Tuesday, November 14, 2006 - 9:45 AM
193-4

A Quantitative Pedology Approach to Continuous Soil Landscape Models.

D. Brenton Myers1, N. R. Kitchen2, K. A. Sudduth2, B. D. Mayhan3, R. J. Miles1, and E. J. Sadler2. (1) Univ of Missouri, 269 Ag Engineering Bldg, Columbia, MO 65211, (2) USDA-ARS, Cropping Systems and Water Quality Research, 269 Ag Engineering Bldg, Columbia, MO 65211, (3) Center for Agricultural, Resource and Env Systems, 130 Mumford Hall, Univ of Missouri, Columbia, MO 65211

Continuous representations of soil profiles and landscapes are needed to provide input into process based models and to move beyond the categorical paradigm of horizons and map-units. Continuous models of soil landscapes should be driven by the factors and processes of the soil genetic model. Parametric soil depth functions can be combined with spatial pedogenic factor data (e.g. ClOrPT) to map soil profile properties across the landscape. Loess-derived soils in upland landscapes of Northern Missouri provided a case study for this investigation. A large database of horizon-sampled soil profile data was converted to continuous pedometric depth functions which handle the vertical anisotropy of pedogenesis.
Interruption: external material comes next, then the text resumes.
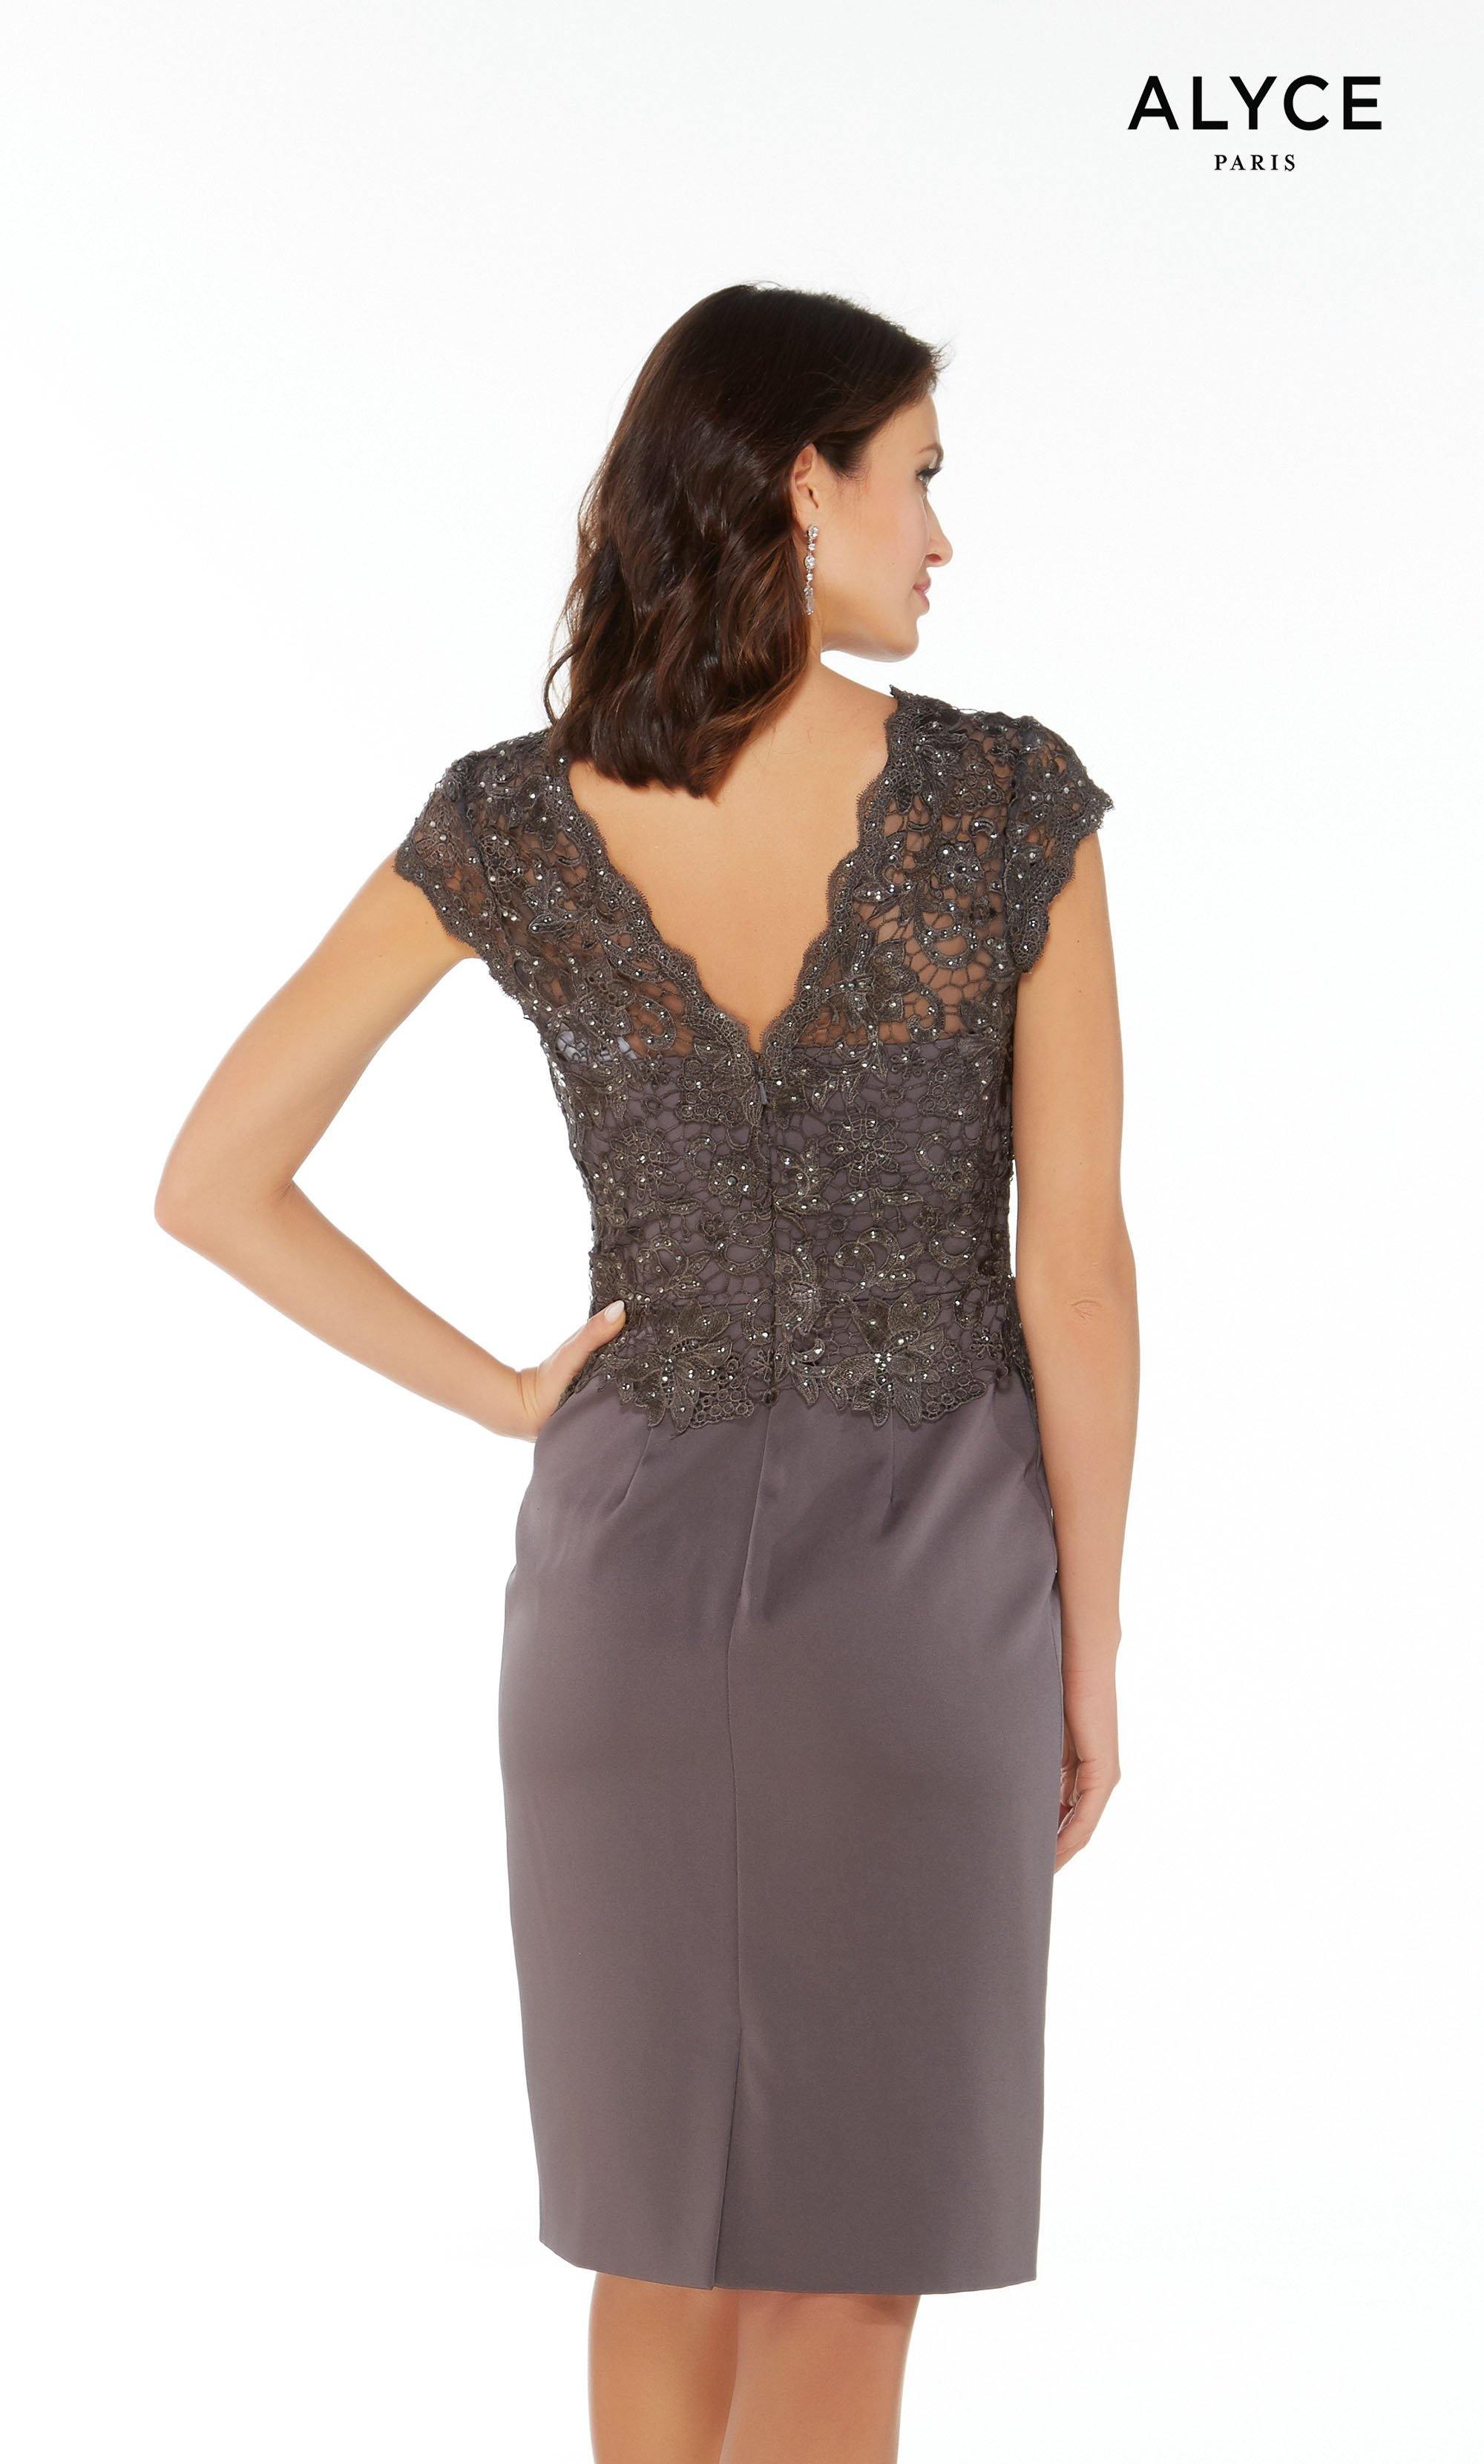 Gunmetal jersey knee length cocktail dress with a V-neck, cap sleeves, and a lace peplum top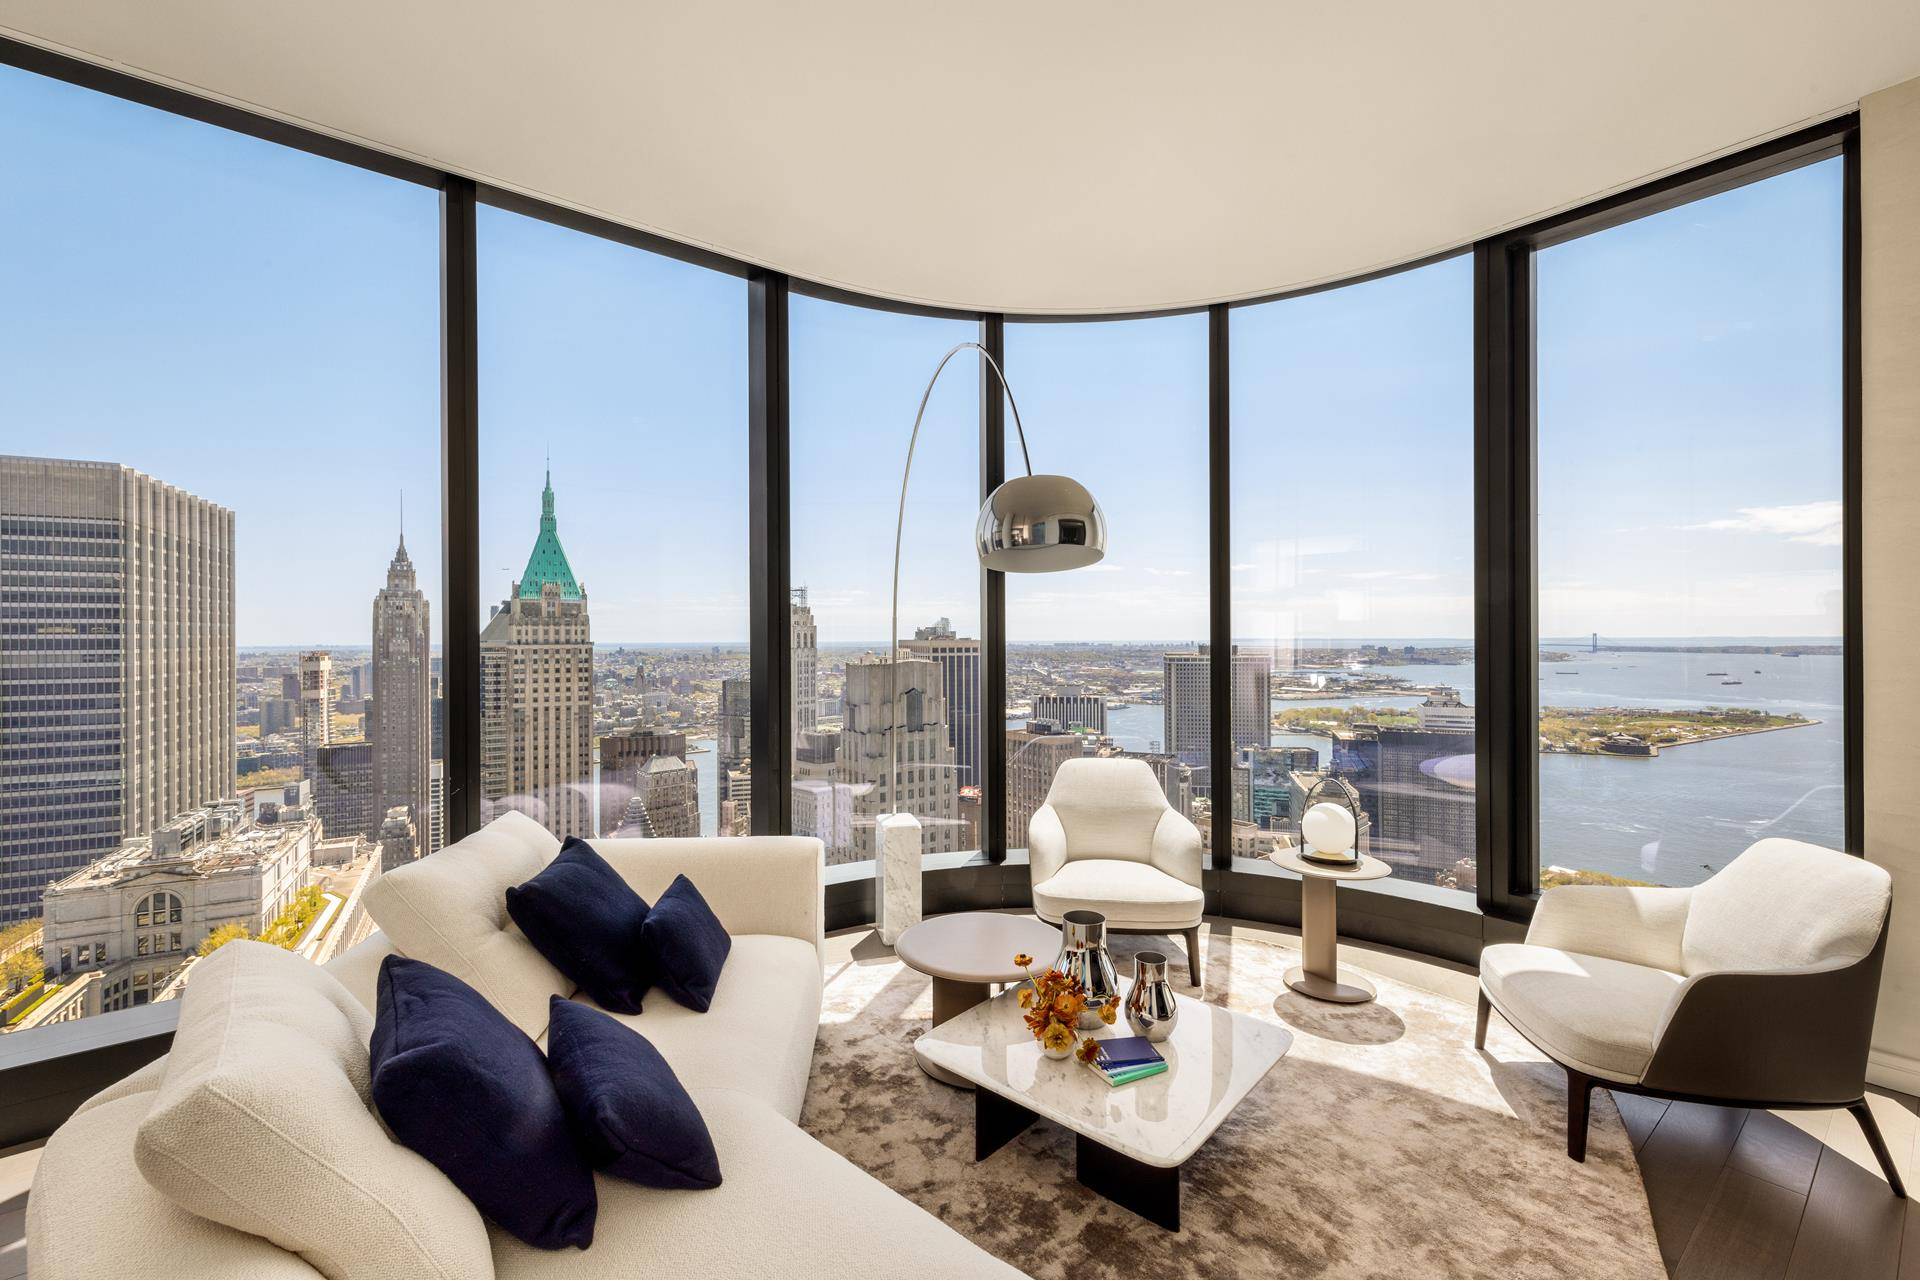 Enter Residence 68D at The Greenwich by Rafael Vi oly, a one bedroom, one and a half bathroom with magnificent southern and western views from the floor to ceiling windows.

This was achieved via a clay-maximum depth estimation procedure, and coherent depth translation. The transformed soil profile data was fitted to peak and rational functions having parameters that reflect specific features of the soil property distribution curve such as peak amplitude, amplitude location, skew, attack, and decay. The parameters of these pedometric functions are analogous to the soil property maximum, depth to maximum, abruptness, and profile anisotropy. The function parameters were then predicted across regional soil landscapes, using spatial genetic factor data such as climate and paleoclimate information, loess thickness, and digital elevation models. These continuous models of soil landscapes are important for applications where the soil map-unit scale is insufficient, such as in precision agriculture, high-resolution hydrology and plant modeling, and intensive land-use planning.